Merton apenas lo oyó, puesto que estaba efectuando la comprobación final de la tensión del aparejo. Las agujas de los dinamómetros estaban firmes; la inmensa vela se hallaba tirante, con su superficie de espejo centelleando al sol.

Merton, que flotaba ingrávido junto al periscopio, tenía la sensación de que llenaba el firmamento, y en realidad "casi" lo hacía... pues eran cincuenta millones de pies cuadrados de vela los que estaban sujetos a su cápsula por casi cien millas de aparejos.

Las lonas de todos los clipers que antaño surcaron los mares de China, cosidas a una sola vela gigantesca, no podrían compararse con la que el Diana había desplegado bajo el Sol. Sin embargo, era poco más consistente que una pompa de jabón porque aquellas dos millas cuadradas de plástico aluminizado tenían un espesor de sólo una millonésima de pulgada.

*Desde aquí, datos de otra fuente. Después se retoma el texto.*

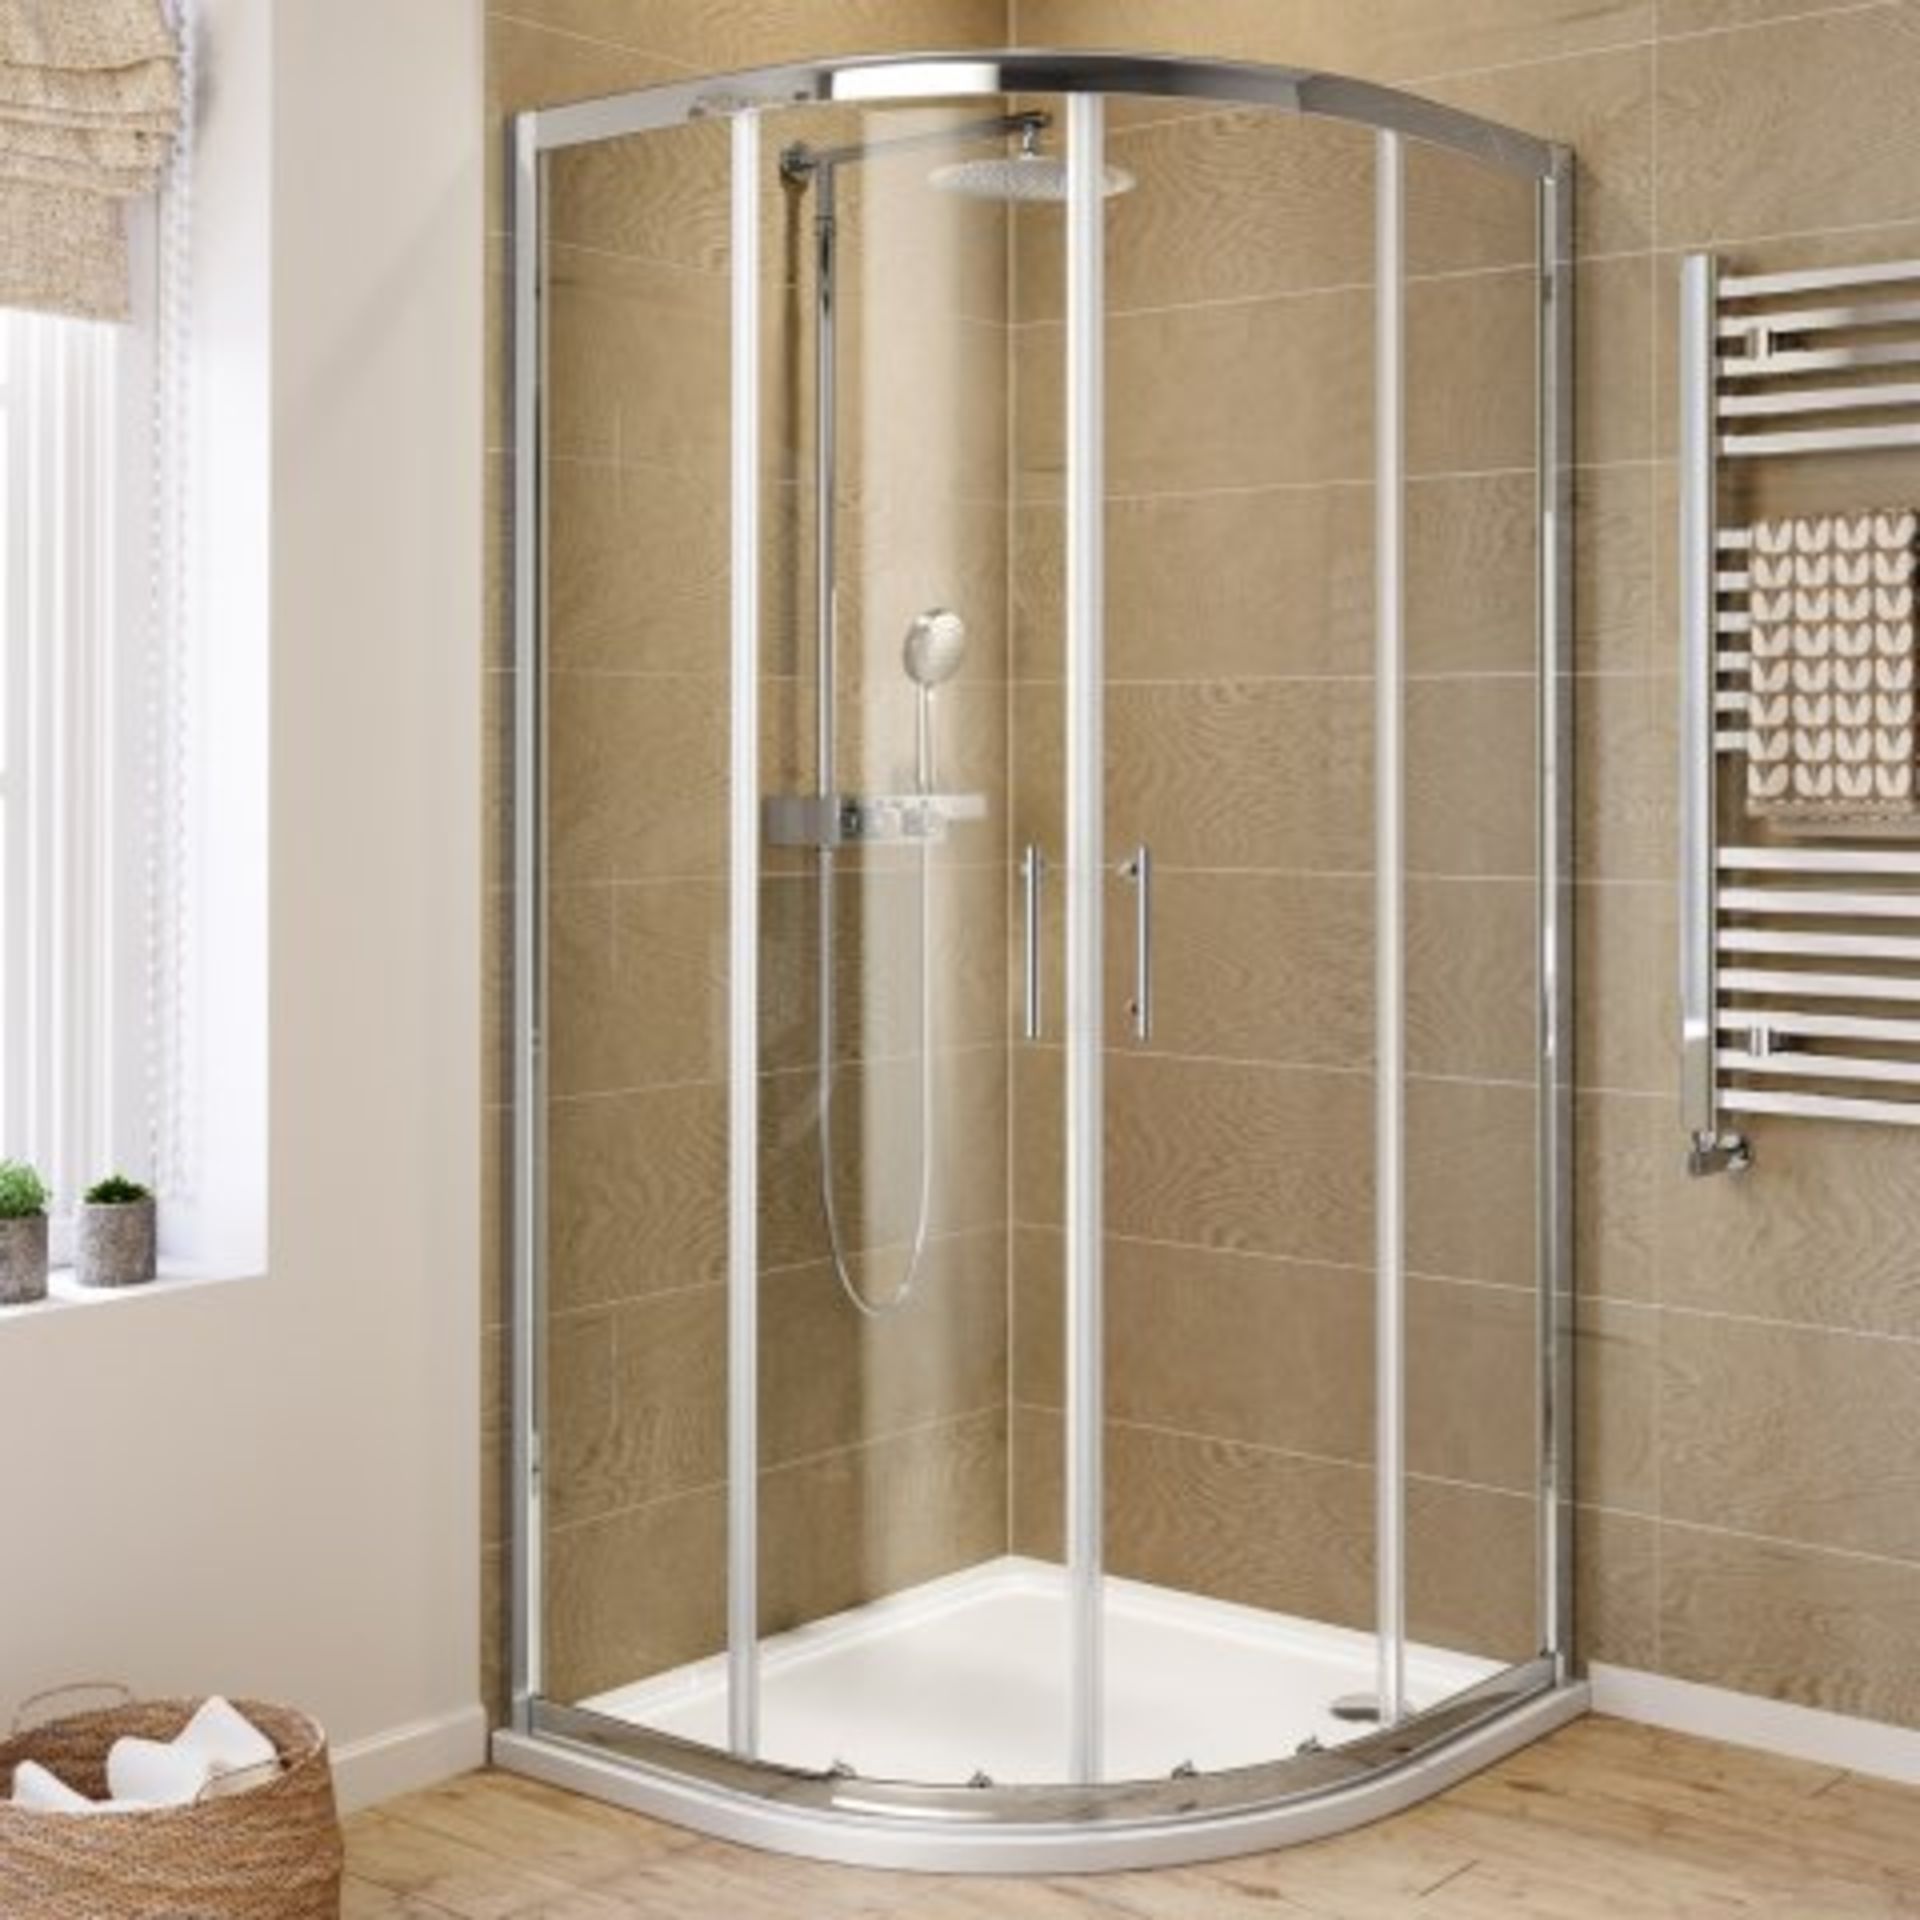 (O71) 900x900mm - 6mm - Elements Quadrant Shower Enclosure. RRP £272.99. Make the most of that - Image 2 of 5

—"T" menos diez segundos, en marcha todas las cámaras fumadoras.

A la mente le resultaba difícil imaginar algo tan enorme y delicado a la vez y más aún el que aquel frágil espejo habría de ser el motor que impulsaría la nave lejos de la Tierra al captar la luz solar.

—... ¡cinco, cuatro, tres, dos, uno, corten]

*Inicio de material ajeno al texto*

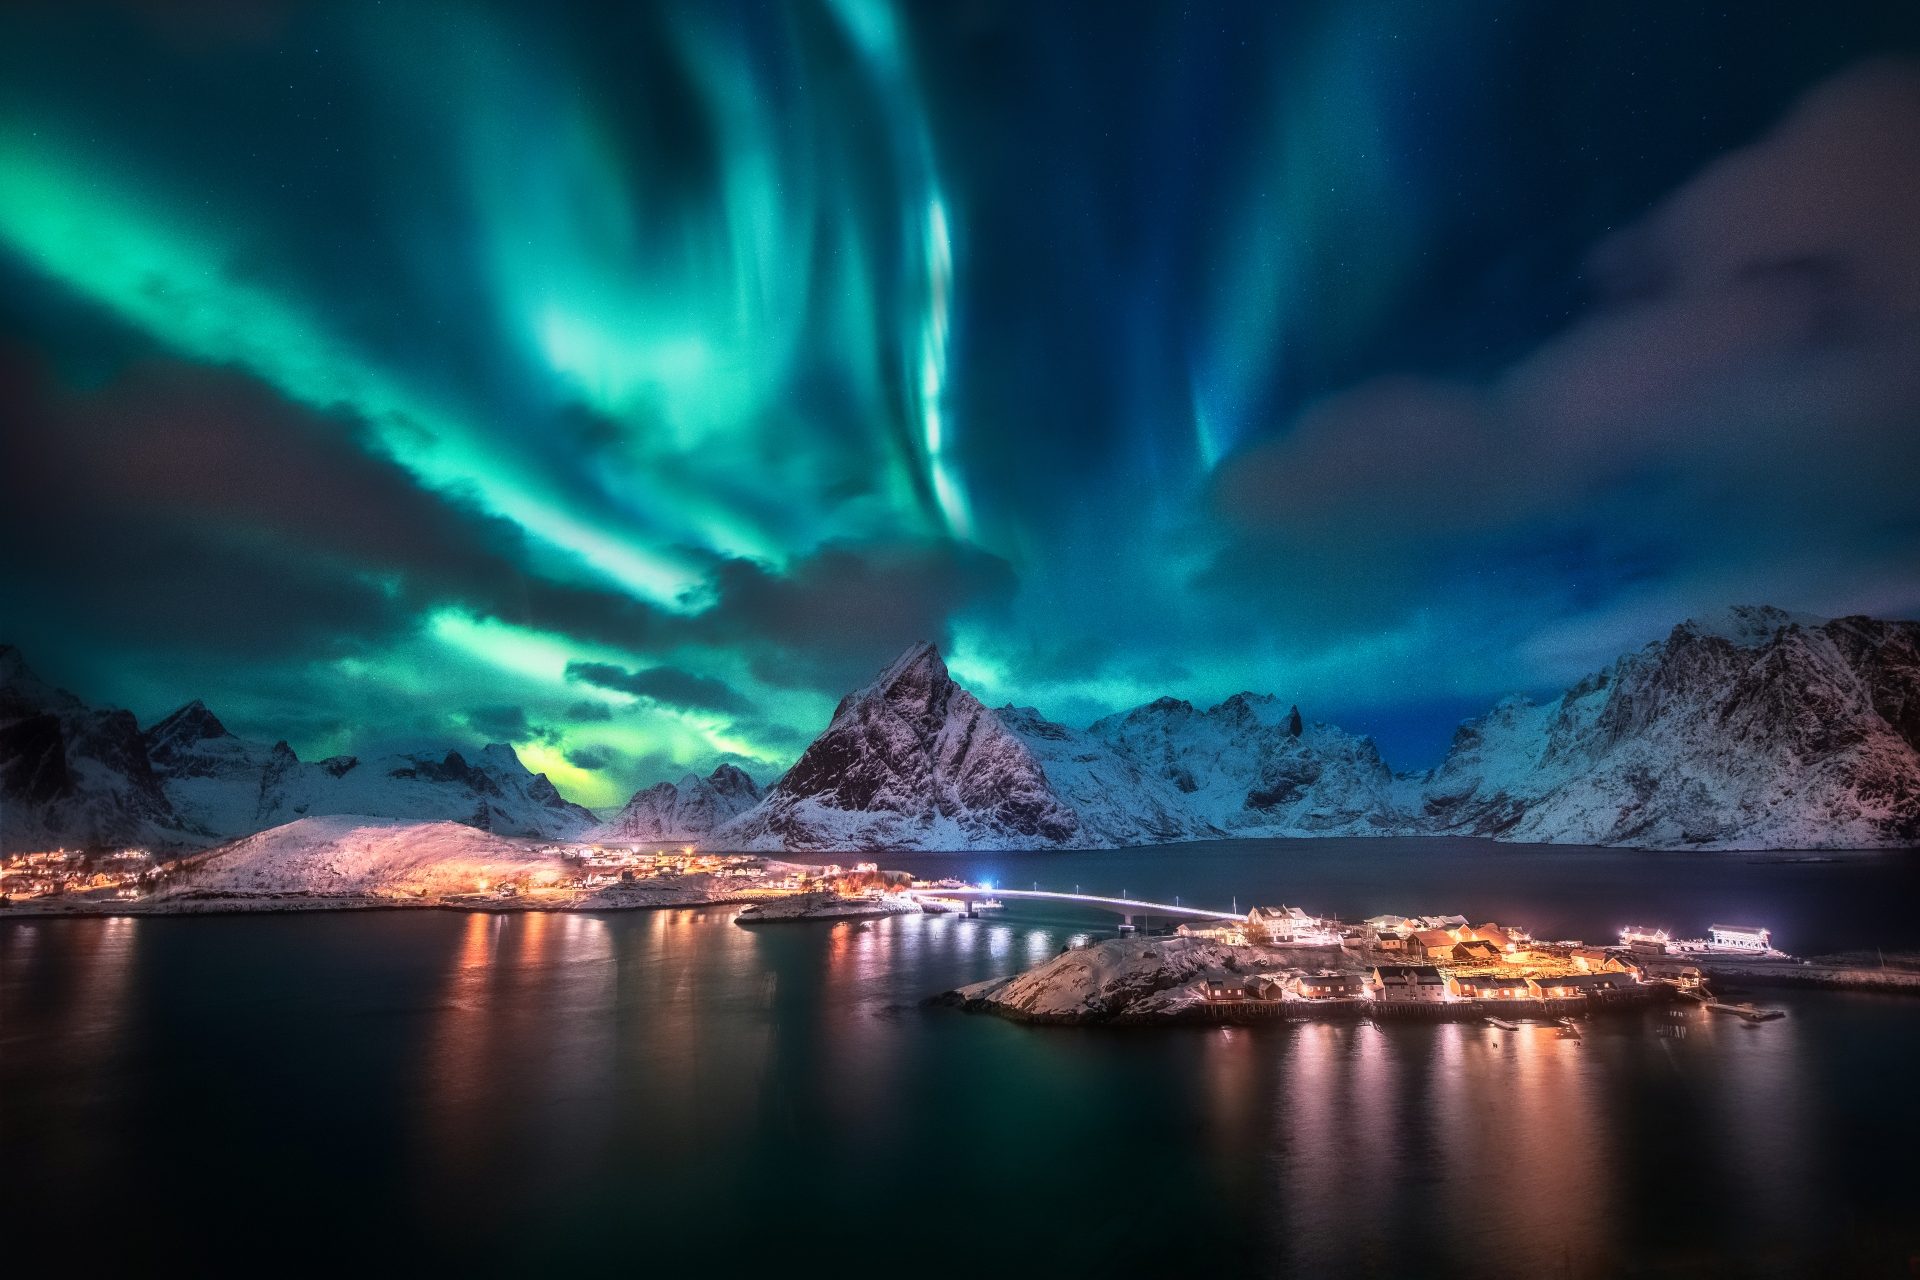 The best places in the world to enjoy the Northern Lights (aurora borealis)

Siete cuchillas hendieron los siete tenues cabos que sujetaban los yates a las naves nodrizas que los habían reunido y atendido.

Hasta aquel momento, los yates habían ido contorneando la Tierra en rígida formación y ahora empezaron a dispersarse a semejanza de las semillas de polen a merced de la brisa. El vencedor sería el primero que pasara ante la Luna.

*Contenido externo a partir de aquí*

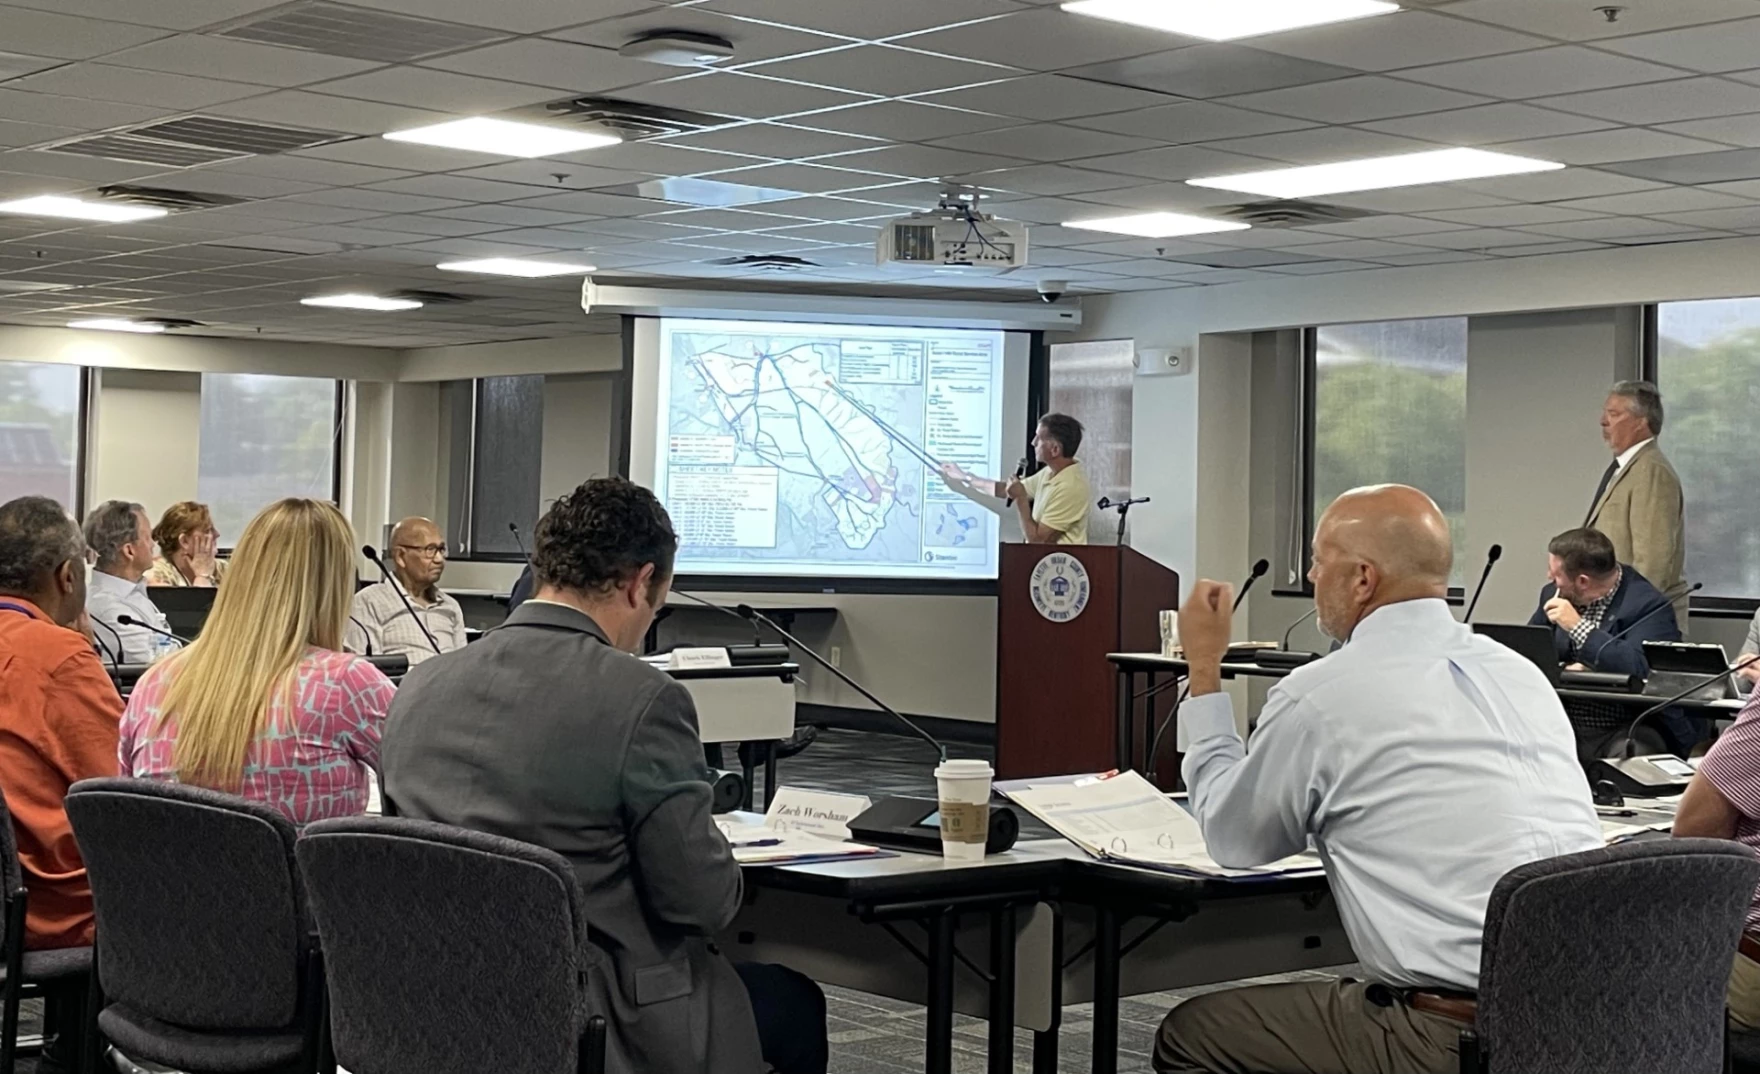 Lexington growth management advisory group mapping out land use options

Al parecer, a bordo del Diana nada sucedía. Pero Merton sabía que sí; aunque su cuerpo no sintiera impulso alguno, el panel instrumental le decía que estaba acelerando a casi una milésima de gravedad. Aquella cifra habría sido ridícula para un cohete... pero era la primera vez que un yate solar la había alcanzado. El diseño del Diana era perfecto; la vasta vela cumplía de acuerdo con sus cálculos. A aquel paso, dos vueltas a la Tierra le darían la velocidad de escape... y entonces podría poner rumbo a la Luna, con toda la potencia del Sol respaldándole.

Toda la potencia del Sol... Sonrió veladamente al recordar sus intentos por explicar la navegación solar a los oyentes de sus conferencias en la Tierra. Aquel fue el único medio de conseguir dinero al principio. Podría muy bien haber sido el diseñador-jefe de la Sociedad Cosmodine, con toda una serie de logradas aeronaves en su haber, pero su empresa no se había mostrado precisamente entusiasmada con su idea.

—Tiendan las manos al Sol —decía él—. ¿Qué notan? Calor, desde luego. Pero también hay presión... aun cuando por ser tan leve no se percaten de ello. En la superficie de sus manos llega a ser de una millonésima de onza.

"Pero, allá en el espacio, hasta una presión tan pequeña puede ser importante... ya que actuaría incesantemente, hora tras hora, día tras día. A diferencia del combustible de un cohete, es libre e ilimitada. La podemos emplear si la deseamos; podemos construir veleros que capten la radiación emanada del Sol.

Al llegar a aquel punto de su disertación sacaba unos cuantos metros cuadrados de material y lo arrojaba hacia el auditorio. La película plateada flotaba ondulante como el humo, para elevarse luego lentamente hacia el techo, empujada por las corrientes de aire cálido.

—Ya ven cuan ligero es este material —continuaba—. Una milla cuadrada pesa sólo una tonelada y puede acumular cinco libras de presión de radiación. De esta forma empezará a moverse... y podremos conseguir que nos remolque, si sujetamos un aparejo a él.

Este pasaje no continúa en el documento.